But where do the type instances go?

For every type instance, GHC also builds the list of names it mentions, just like it does for other sorts of declarations. But the instance itself has no name, so it does not participate in topological sorting. Instead, it is added to the earliest group where all of its dependencies are satisfied.

The target group is determined by going through each group one by one and removing its declarations from the list of remaining dependencies of the instance. Once the list is empty, it means all of the instance dependencies have been defined in the current and prior groups, so the instance can be inserted into the current group.

Instance	Dependencies
`PropType WTitle`	`PropType`, `WTitle`, `Symbol`
`PropType WResizable`	`PropType`, `WResizable`, `Bool`

So in our example, first Symbol and Bool will be removed from the list since they’re imported. This leaves us with the following:

Instance	Dependencies (remaining)
`PropType WTitle`	`PropType`, `WTitle`
`PropType WResizable`	`PropType`, `WResizable`

Then GHC will process the first group, the one that defines PropType, and remove PropType from dependencies of both instances. So then we have:

Instance	Dependencies (remaining)
`PropType WTitle`	`WTitle`
`PropType WResizable`	`WResizable`

Next it will get to the group with WTitle.
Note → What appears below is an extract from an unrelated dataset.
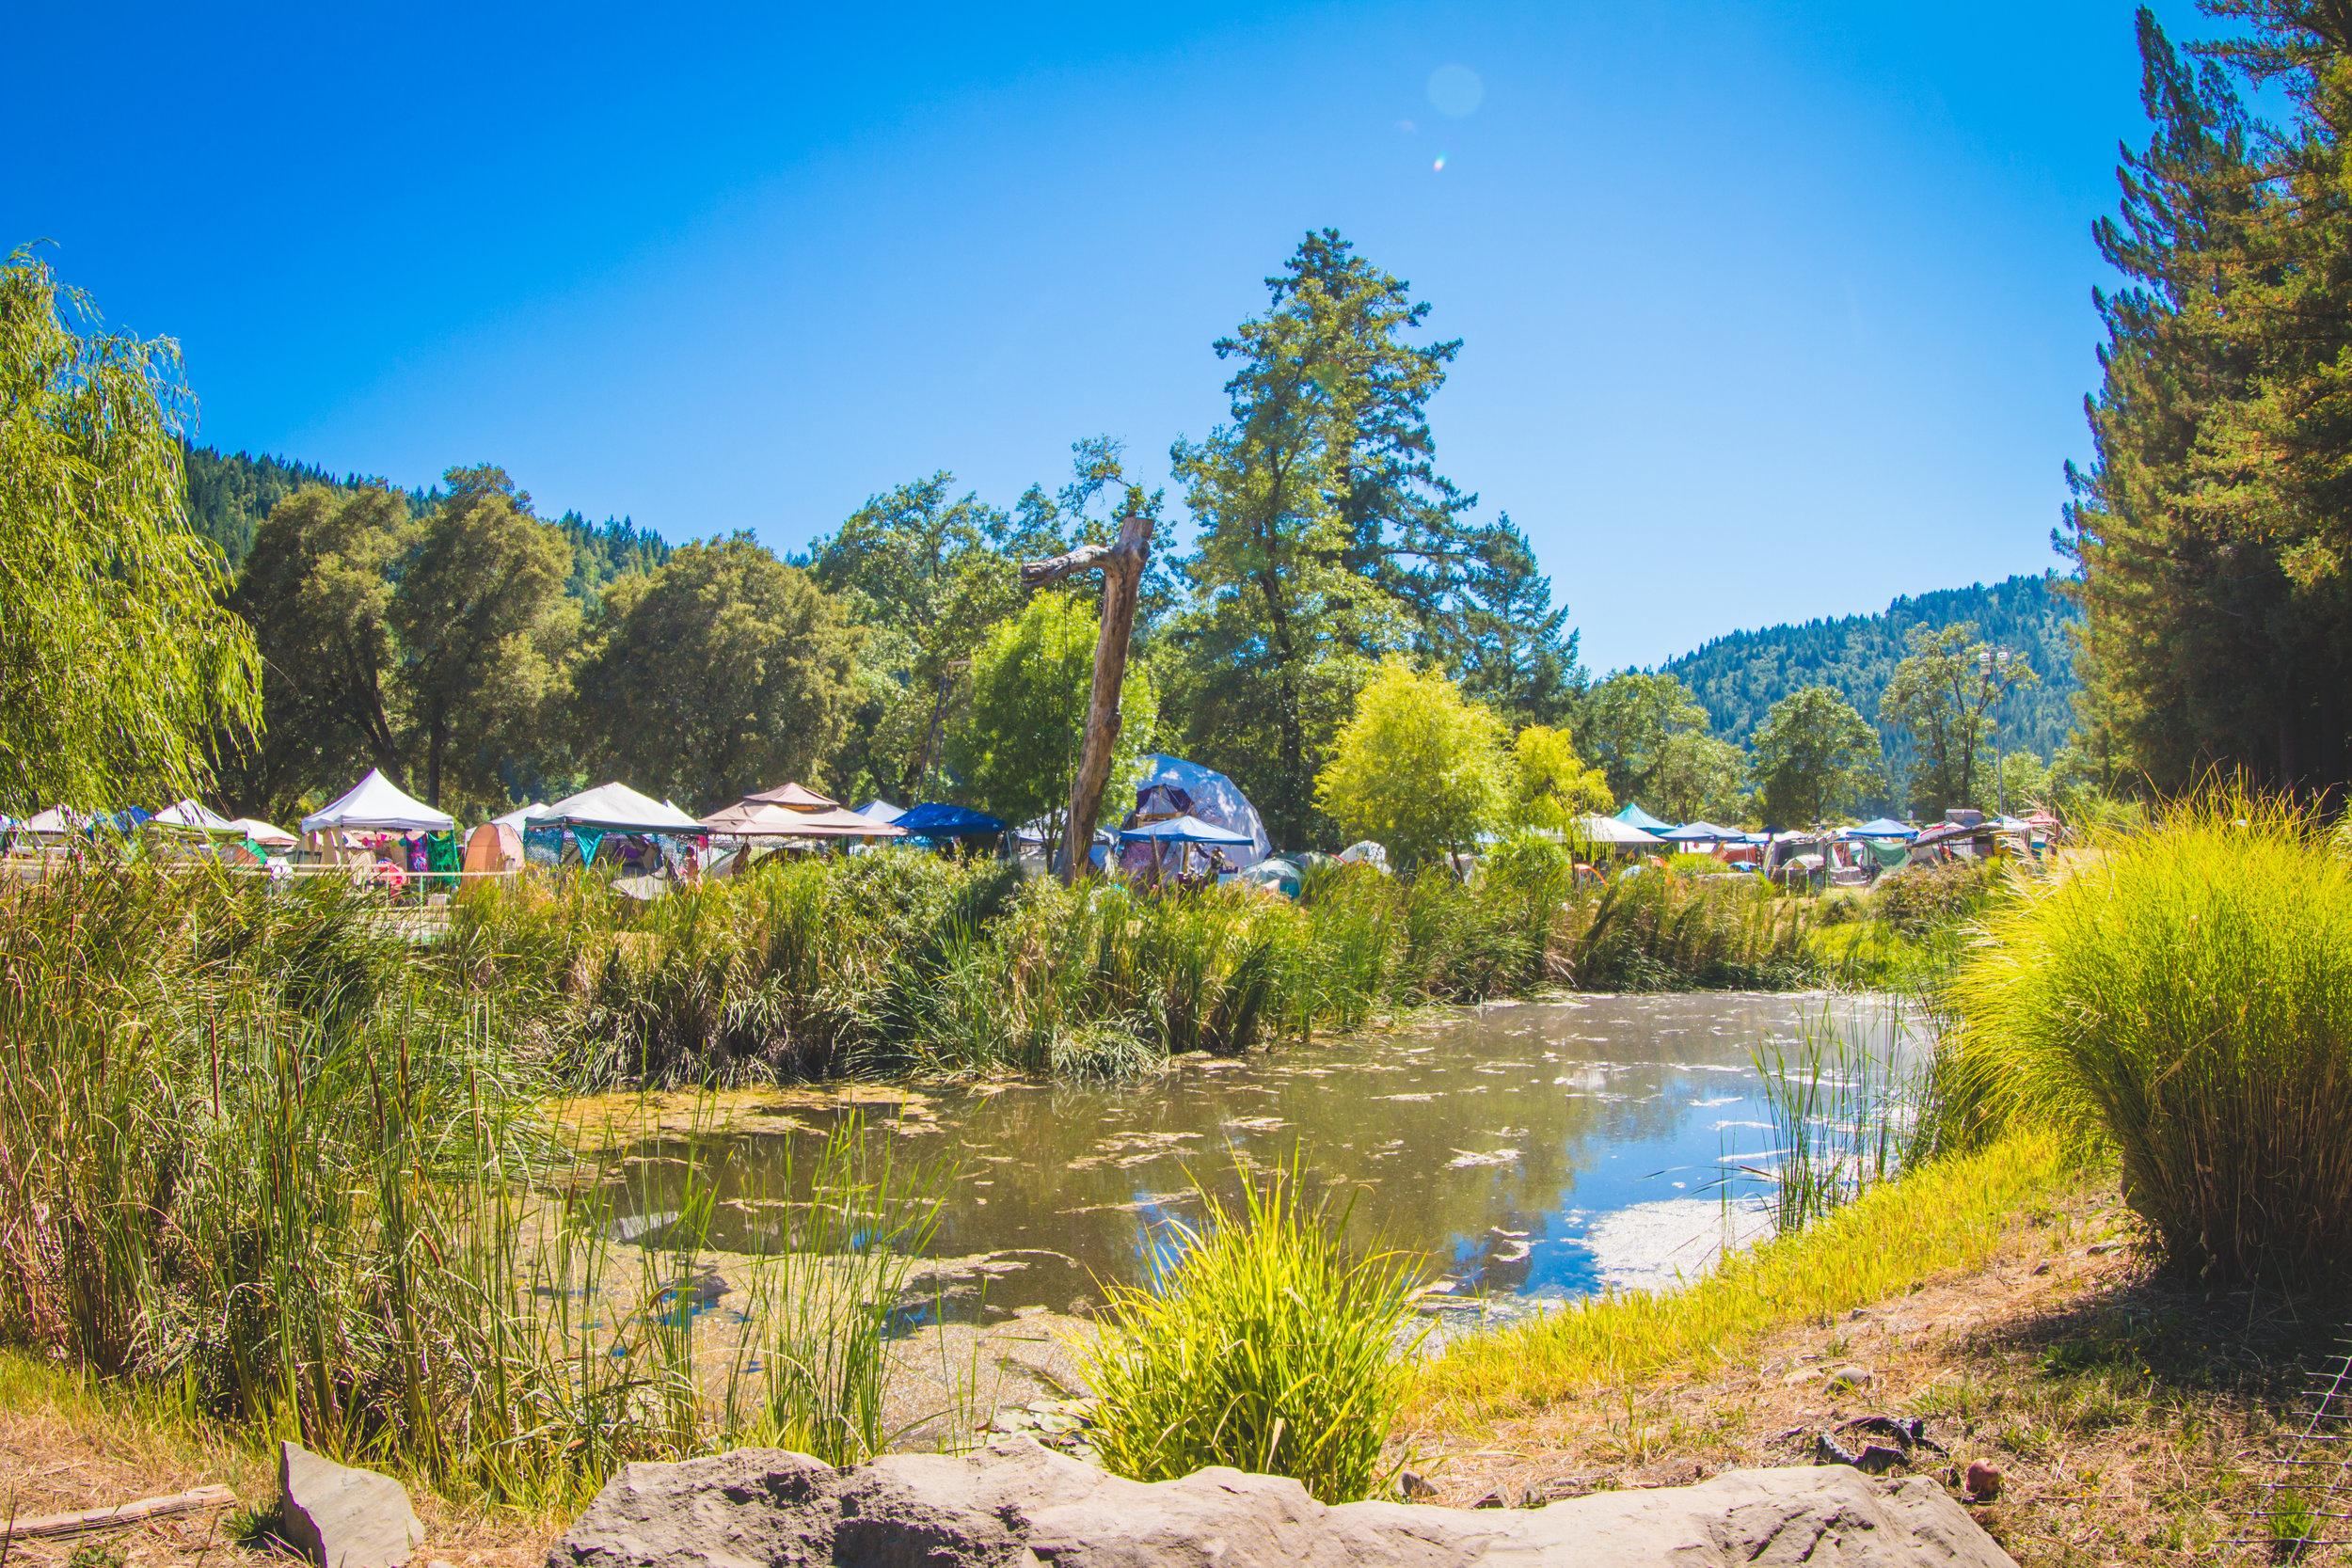 meadow-camping-festival.jpg

WTitle will be removed from the list of dependencies, and since it’s the last dependency of PropType WTitle, the instance is inserted into that group:

-- Group 2
data WTitle
type instance PropType WTitle = Symbol -- inserted

And then the same thing happens on the next group with PropType WResizable, making our final groups look like this:

type family PropType a


data WTitle
type instance PropType WTitle = Symbol


data WResizable
type instance PropType WResizable = Bool


type MainWindow :: forall prop -> PropType prop
type family MainWindow prop where
  MainWindow WTitle = "Text Editor"
  MainWindow WResizable = True

And this algorithm works pretty well. However, it is not failproof. Let’s take a look at an example where it falls short!

Current algorithm’s shortcoming

Example I: `Open`

type family Open a
type instance Open Bool = Nat
type instance Open Char = F Float
type instance Open Float = Type

type F :: forall a -> Open a
type family F a
type instance F Bool = 42 -- :: Open Bool (~ Nat)
type instance F Char = '[0, 1] -- :: Open Char (~ F Float ~ [Nat])
type instance F Float = [Nat] -- :: Open Float (~ Type)

There’s a lot to unpack here, and we’ll start with the Open type family. At its core, it’s a very simple type family: it just maps some Type into some other Type, like Open Bool equals to Nat. Open Char is more interesting because it equals to F Float, so let’s look at F.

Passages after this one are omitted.